BEGIN Material shown

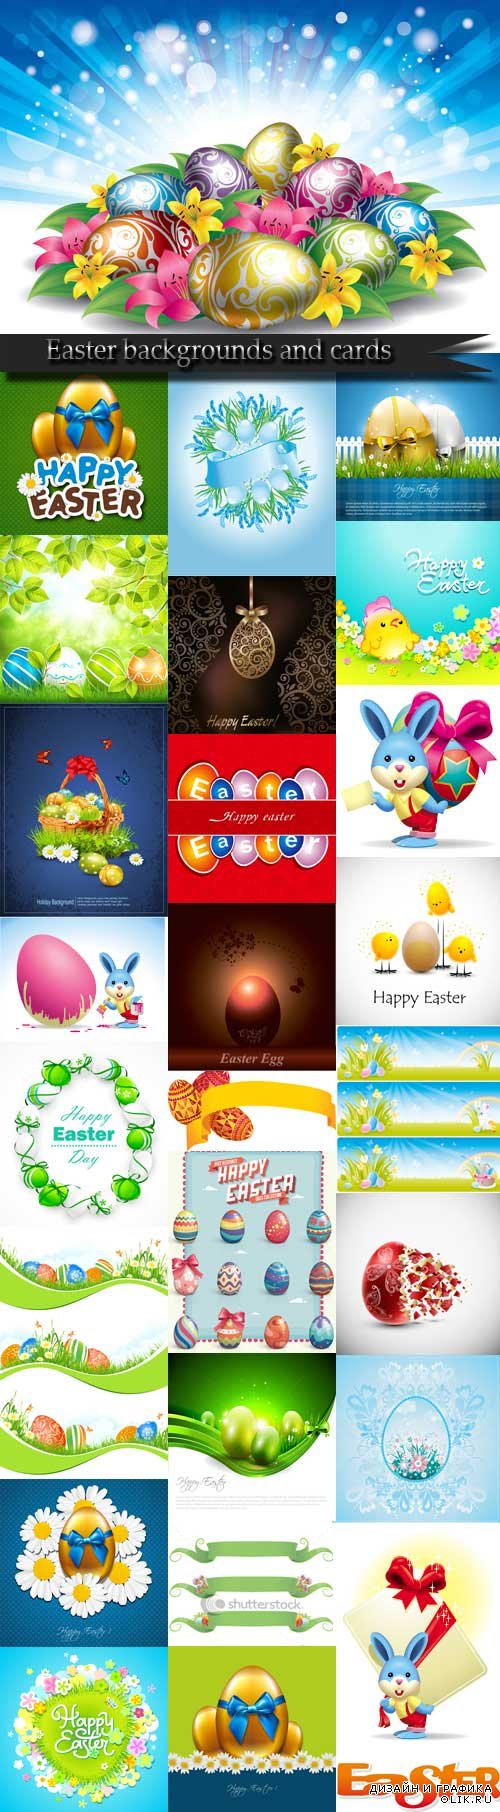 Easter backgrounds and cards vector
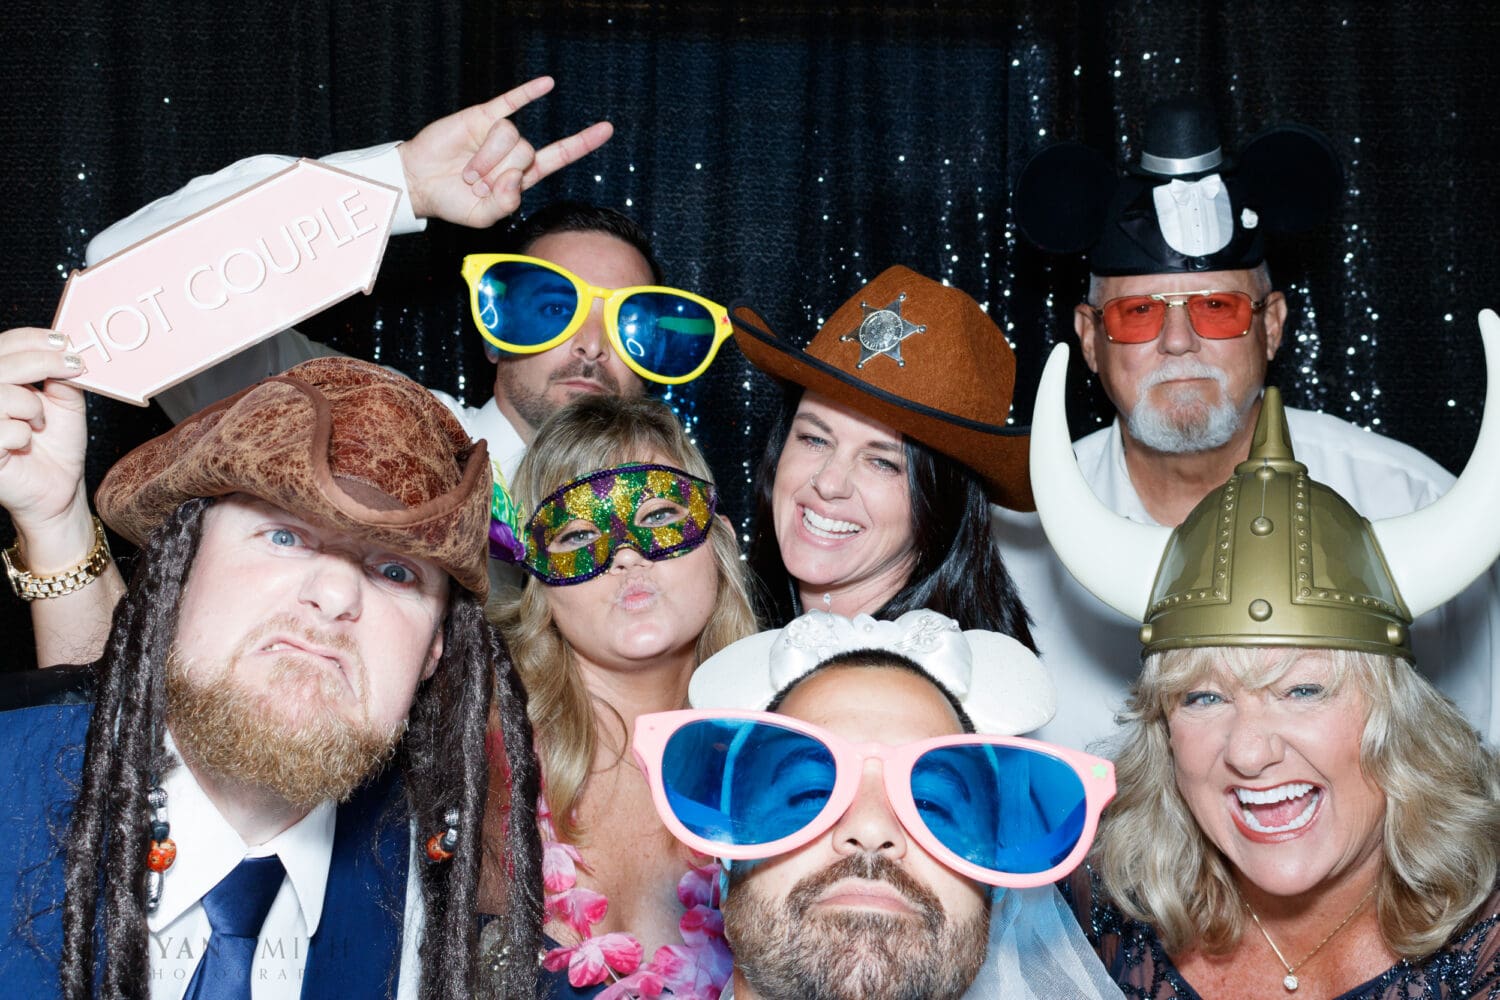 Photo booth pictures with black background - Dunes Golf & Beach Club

END Material shown
BEGIN Material shown

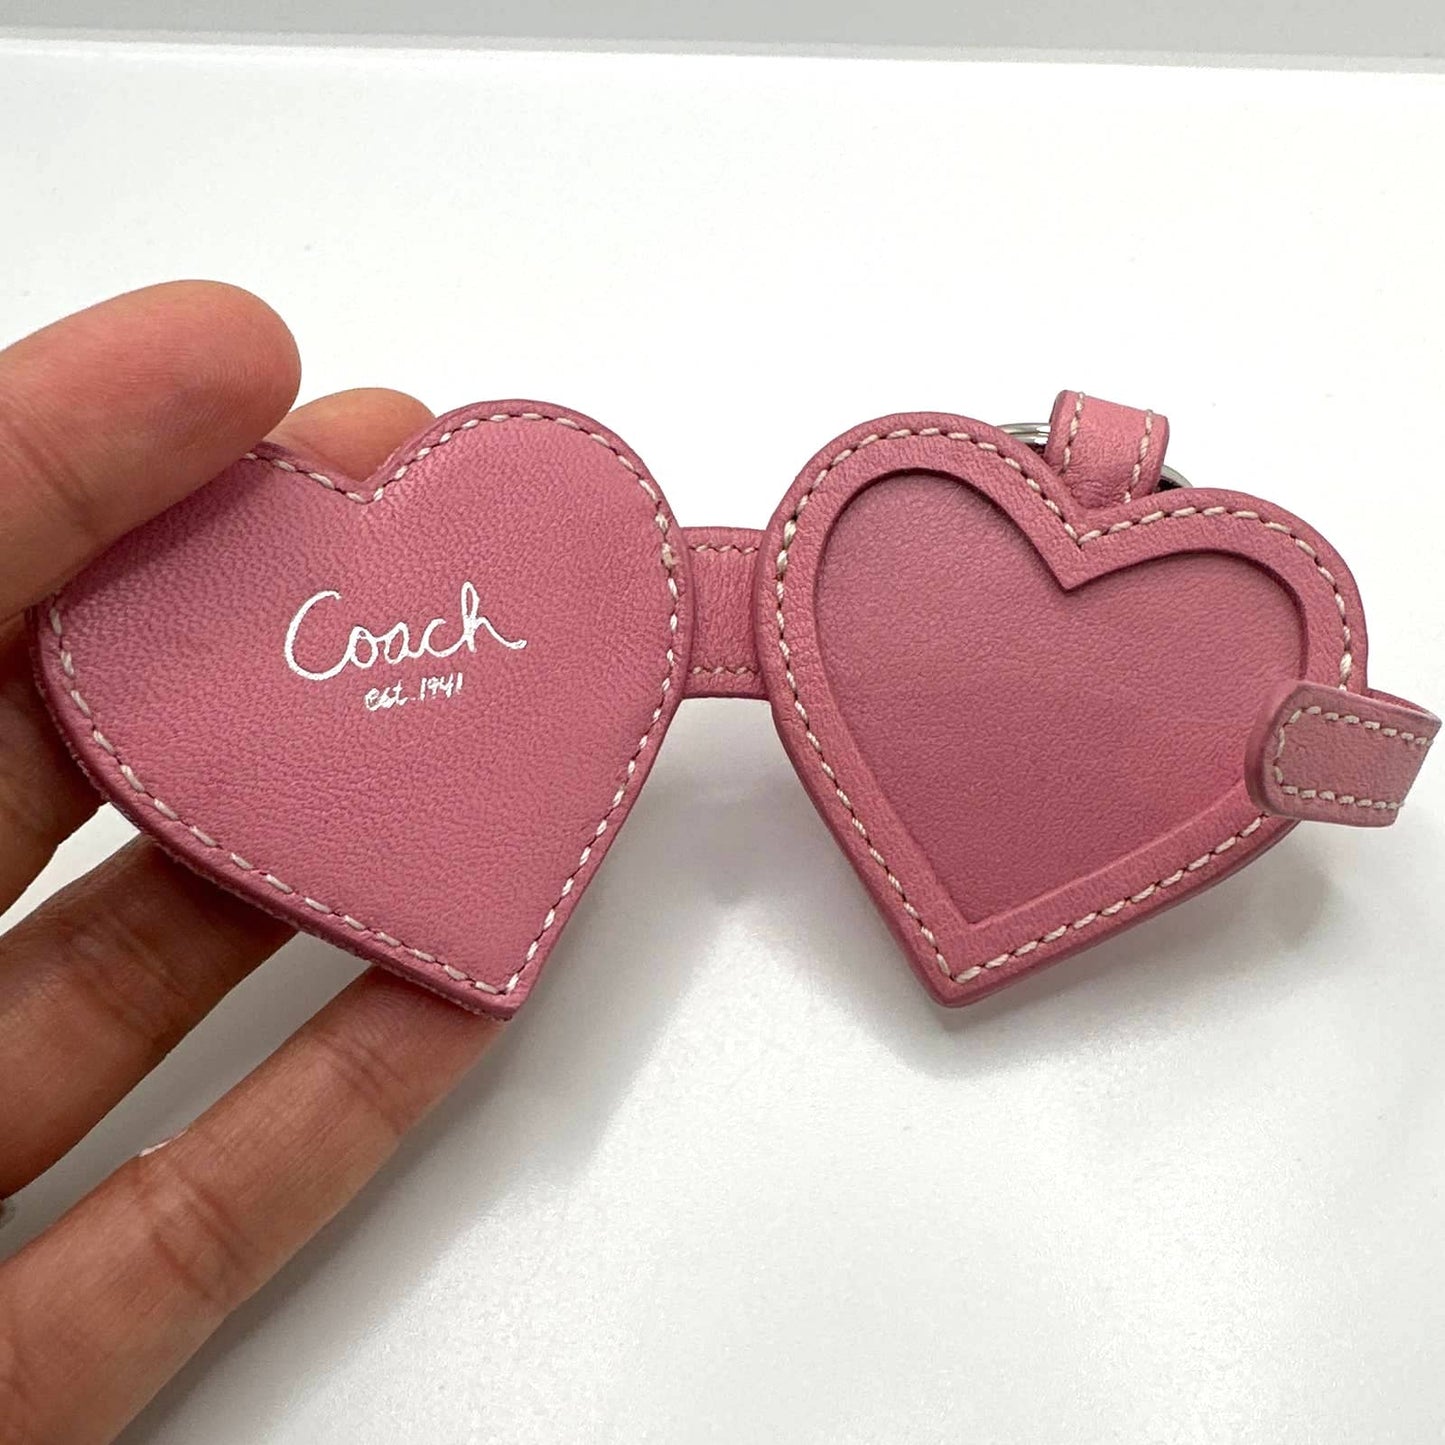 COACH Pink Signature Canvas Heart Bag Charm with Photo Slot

END Material shown

**How to complete this task:**
Print the part of the listing above that opens with the line containing "Easter backgrounds and cards vector" and closes with the line containing "Photo booth pictures". Copy it exactly, both ends included, and omit the pictures.

**Result for this task:**
 Easter backgrounds and cards vector
 Photo booth pictures with black background - Dunes Golf & Beach Club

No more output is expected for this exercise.